Artificial intelligence, or AI, is one of the most intriguing topics in software development today. It is also one of the most widely misunderstood. For software developers and IT teams, AI offers an array of tantalizing possibilities for making applications faster, more scalable and more efficient. However, in many cases, the hype surrounding AI doesn’t line up with the reality of what is actually possible or practical. Toward that end, here’s a look at five common AI myths related to software development and deployment.
1. Artificial inteligence is a new technology.
AI has gained major attention from the media in just the last few years. Likewise, most software products that pitch AI as a key feature (like AIOps-driven monitoring tools) are still very new. But, AI is not a new technology at all. The concept of machine learning and artificial intelligence in general stretches back many centuries (see, for example, the Brazen Head). And software applications have been using AI to do things like play checkers since the 1950s.
Thus, if AI seems like a relatively new technology in the software world, or one that has only become practically usable in the past few years, that is only because it took the media and marketers a long time to catch up. The reality is that AI has been an established field of computer science for more than half a century.
2. AI is smarter than humans.
Some AI advocates would have you believe that AI-powered applications are “smarter” than humans, in the sense that they can solve problems or develop ideas more creatively and effectively than human minds. But the reality is that AI-powered software applications don’t outthink humans. They simply think faster than humans.

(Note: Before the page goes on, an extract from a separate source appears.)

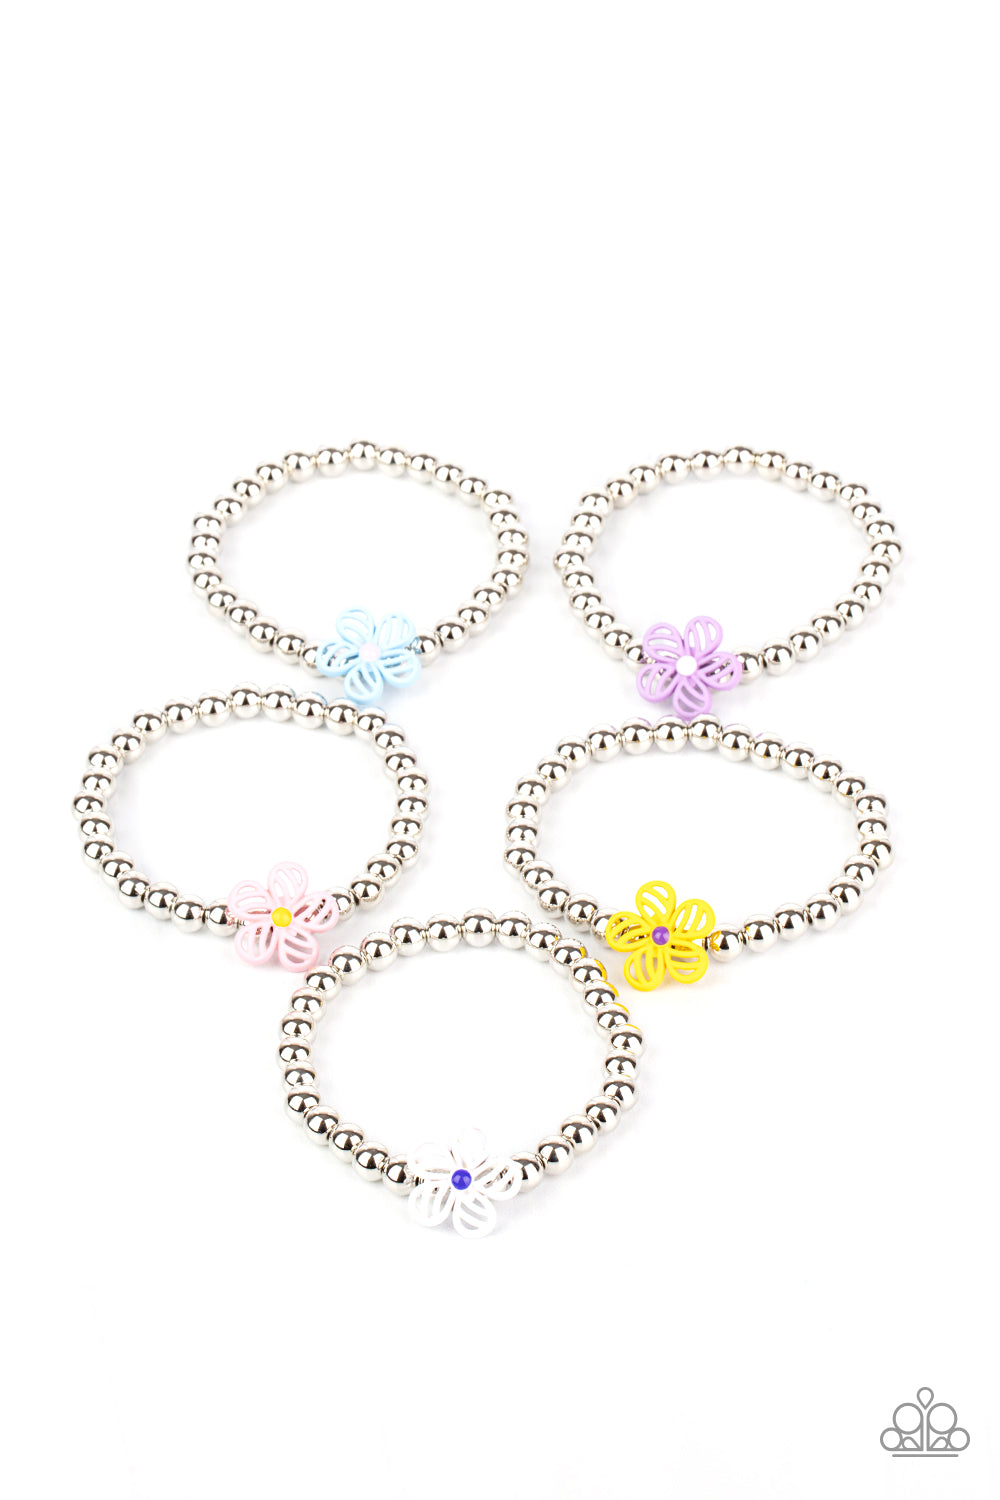 Starlet Shimmer Floral Beads Bracelet Kit - The V Resale Boutique

And when it comes to use cases that require nuanced understanding of reasoning and human expression, AI fares particularly poorly, as IBM’s recent experiment with AI-powered debate software showed.
There is a chance that this could change in the future. Someday, AI might become so sophisticated that AI-driven applications are genuinely smarter than humans. But that day remains beyond the horizon.
3. AI will lead to smaller IT teams.
Many marketers of AI-powered software tools sell their products as a way for companies to reduce the size (and, by extension, cost) of their IT teams. By using AI to automate IT decision-making and operations, they say, companies can do more with fewer staff members.
Some observers go so far as to claim that AI, combined with other innovations, is edging us closer to a world of “NoOps,” wherein IT operations teams are fully replaced by software.
It’s certainly true that AI can help to increase automation and reduce the manual effort required to perform certain tasks. However, the idea that AI will remove the need for human engineers entirely is fantastical. Someone still has to set up and manage the AI-powered tools that do the operations work.
Plus, there is an argument to be made that AI is not making IT operations simpler; it is merely helping IT Ops teams keep up with the ever-increasing complexity of new software and infrastructure. Deploying and managing containers and microservices requires much more work than dealing with virtual machines or bare-metal servers. In this sense, AI is simply helping IT teams to maintain the status quo; it is not empowering them to gain new ground.
4. AI software is “set and forget.”
On its face, AI tools can seem like a type of “set it and forget it” wonder. If data-powered algorithms and machine learning allow AI tools to make all the decisions they need, then humans don’t have to do any work beyond the initial set up and data training, right?
Well, no. There are lots of reasons why even the best-designed AI tools need to be managed actively and continuously. They need to be constantly retrained with up-to-date data in order to make accurate decisions about ever-changing conditions. The quality of the data that they rely on must be carefully managed to ensure that it delivers the level of accuracy and clarity that the tools require. Humans may need to help provide ethical guidance for AI algorithms.
5. AI will destroy the world.
The four AI myths that I have discussed above involve hype or an excess of confidence in the abilities of AI and machine learning. Now, I’d like to approach things from the opposite perspective by pointing out that AI is not at all a bad or useless technology.
Sure, AI has many shortcomings, and AI tools in many cases are not likely to live up fully to the promises behind them. But that doesn’t mean that AI is the bane of our existence, or that software teams should not use it at all.
This is important to note because the conversation surrounding AI has so far tended to be bipolar in nature. On one side are technologists and futurists promising us that AI will lead us into utopia. On the other are fierce AI critics worried about an AI-driven dystopia marked by all manner of dehumanizing, unethical automations.
Neither of these views represents reality. AI will not fully replace humans, but it will make their jobs easier. AI won’t completely remove the need to perform manual tasks, but it will reduce it. AI won’t prove smarter than human beings, but it can provide insights that help them make smarter decisions.